Наступила пауза в продвижении истории, и в этой паузе стали заметны некоторые странные черты в характере выдающегося режиссера. Черты эти были сугубо русские, органические, но для фигуры театрального вождя определенно нежелательные: недопустимая простота, неподходящая какая-то наивность и просто-напросто неудобная в обиходе начальствования честность. Но, главное, были в нем и совсем уж невозможные для крупного руководителя человеческие качества — скромность, совестливость и, подумать только, стыдливость. Свистящие эти слова забеспокоили высшие сферы и сферы перестали интересоваться Поповым, зачислили его в чудаки.

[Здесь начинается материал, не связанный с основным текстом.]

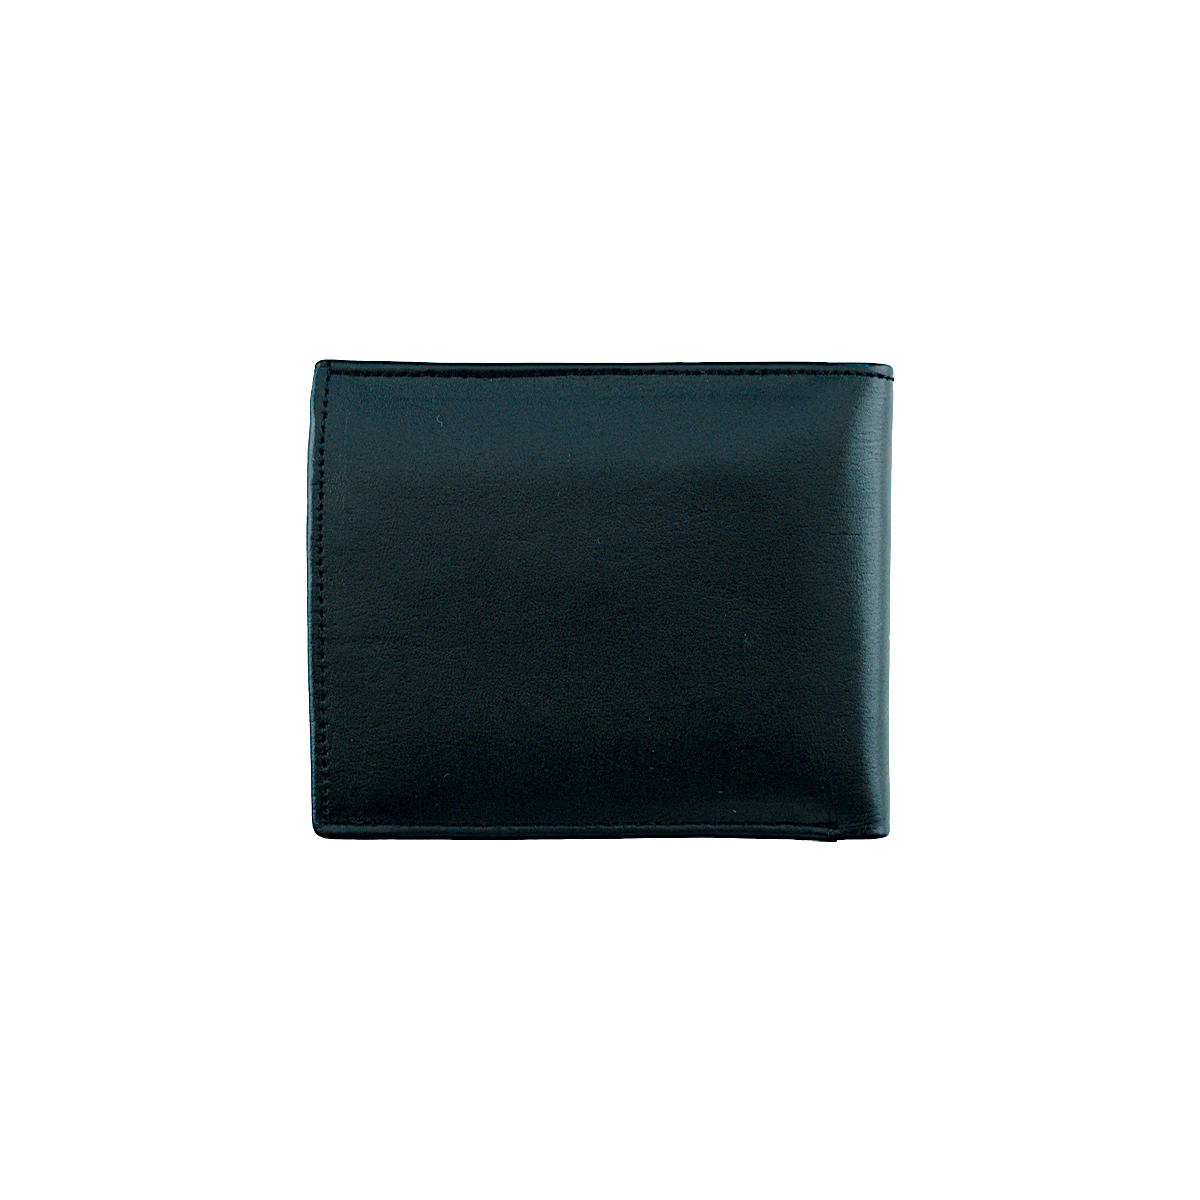 Leather Wallet - Black is-hover

А Попов и сам к этому времени утратил интерес ко всяческим карьерным притязаниям. Как любой стареющий человек, он все больше и чаще стал думать о смысле земного бытия: о жизни вообще и о своей жизни — особенно. А такие раздумья, как известно, ни к чему хорошему не приводят. Мастер затосковал. Бывало теперь часто: то задумается на несколько минут прямо посреди лекции; то, собравшись что-то важное сказать нам, откроет рот, но помолчав, махнет вдруг рукою и отпустит всех на перерыв; то совсем, совсем было собравшись уходить, в профессорской уже раздевалке, когда придет твоя очередь подать ему пальто, посмотрит на тебя внимательно и произнесет ни с того, ни с сего в пространство: "Да, наворочали мы дел... а расхлебывать вам придется". Как я любил его в такие минуты. Я готов был расхлебывать все, что придется, и сколько понадобится, лишь бы хоть ненадолго прервать его тоскливые раздумья, лишь бы посмотрел он на меня и улыбнулся. Но с улыбками тогда было у него не густо.
Раздумья его были, наверное, мучительными, может быть, невыносимыми, потому что строг он был не только к другим, но и к себе. Судил себя, вероятно, молчаливым, но беспощадным судом, хотя, насколько мне известно, особой вины у него и не было. Он не писал тайных доносов, не клеймил никого и явно в громогласных газетных филиппиках; смешно сказать, но он в те страшные 30-е и 40-е годы не вступал даже "в ряды", хотя при его-то постах это было, можно предположить, весьма и весьма непросто (Алексей Дмитриевич Попов вступил в партию в 1954 году).
Потом, после XX съезда, его прорвало; всплыли наверх, выскочили, вырвались из глубины главные качества: бескомпромиссная цельность, откровенная прямота и знаменитое русское желание дойти до последней черты. Общий грех советского искусства перед народом, общую вину театра он бесстрашно воспринял как свой, личный грех, как свою личную виновность. И начал каяться.